Композитор радовался тому, что завтра уезжает в Милан. В первый раз с тех пор, как умерла Маргерита, он чувствовал себя молодым и окрыленным надеждами. Он шел очень быстро и не заметил, как свернул в сторону по незнакомой улице. Наступила ночь. Теперь он шел по узкому проулку между двумя низкими стенами, сложенными из больших серых камней. С обеих сторон были сады. Теплый ветер был напоен ароматами. В нем был запах прелых листьев, горького миндаля и распускающихся роз. У самой стены росли пальмы. Ветер перебирал тонко вырезанные листья, и они трепетали, как пальцы нетерпеливой нервной руки. Дорога шла в гору. Композитор не чувствовал усталости и поднимался все выше и выше. Впереди ярко горела и переливалась разными цветами звезда маяка на форту Спероне. Море было слева. Верди шел в сторону, противоположную дому. Было поздно. Пора было возвращаться.

Композитор остановился. Он смотрел на Геную сверху. Мраморный город спускался к морю террасами и казался сказочным. Луна заливала его фантастическим блеском. Воздух был прозрачен. Листья на деревьях казались тонкими серебряными пластинками. Лунный свет пронизывал их насквозь. Апельсинные и лимонные рощи отливали синевой. Олеандры белели, точно в цвету.

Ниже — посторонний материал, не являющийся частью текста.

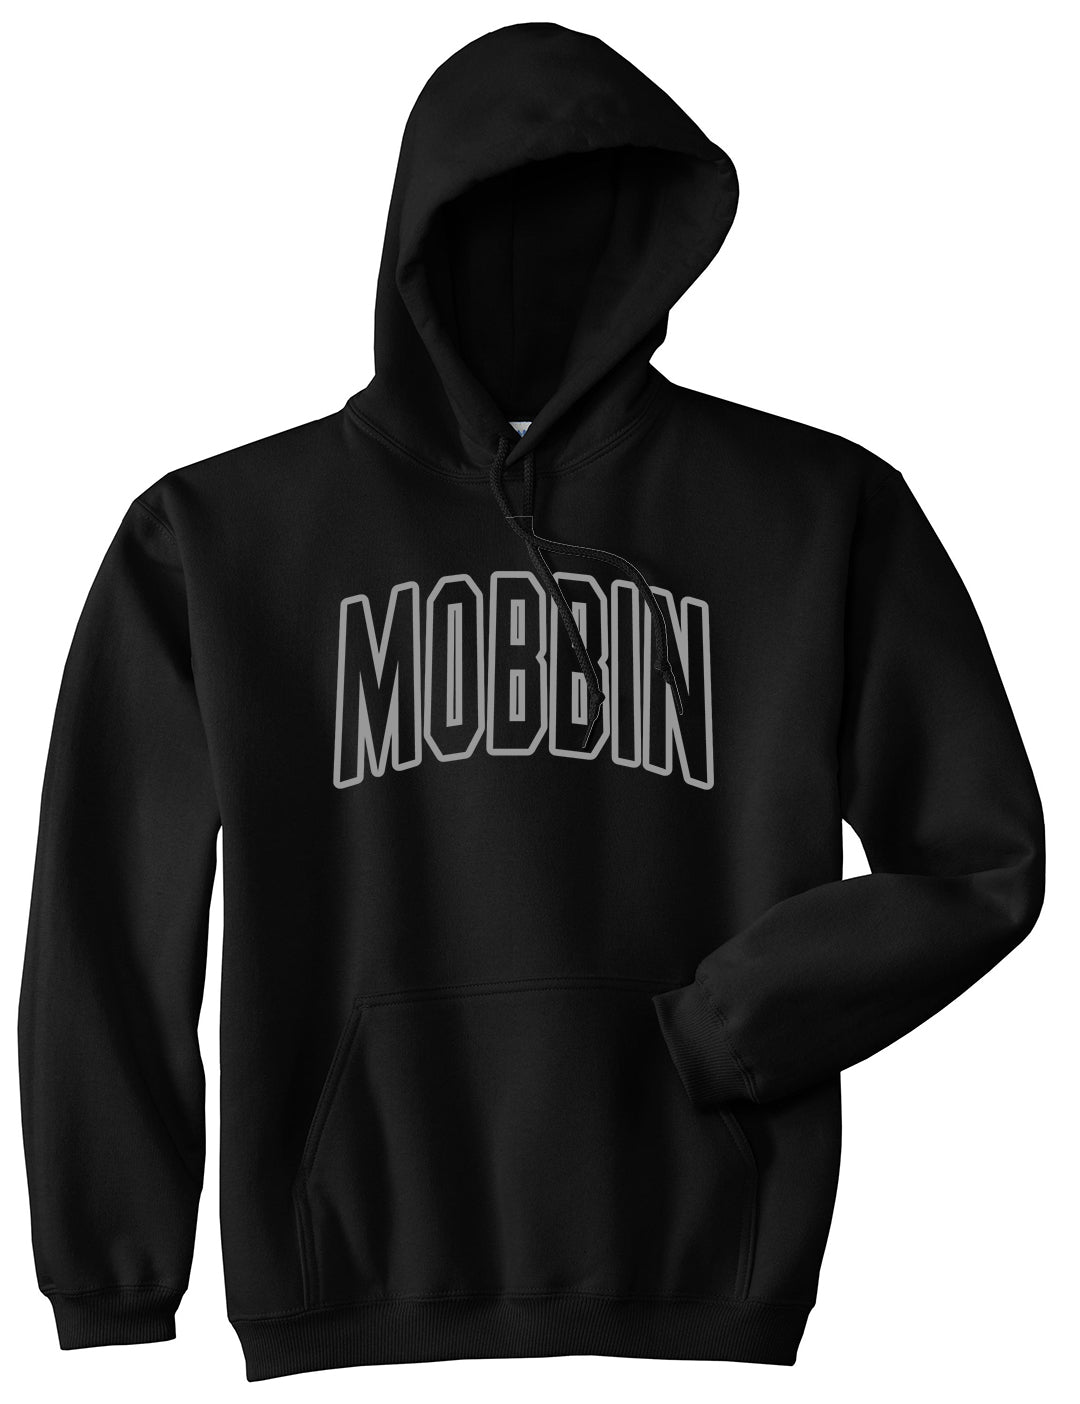 Mobbin Outline Squad Mens Pullover Hoodie Black by Kings Of NY

Верди было хорошо. Мучительные призраки прошлого таяли, как туман перед рассветом. Композитор чувствовал, что возвращается в Милан другим человеком. Он рождался для новой жизни. Ему было что сказать. Он жаждал говорить музыкой о реальном и насущном, жаждал говорить музыкой о действительности. А действительностью, насущным и реальным был для него еще не написанный «Навуходоносор».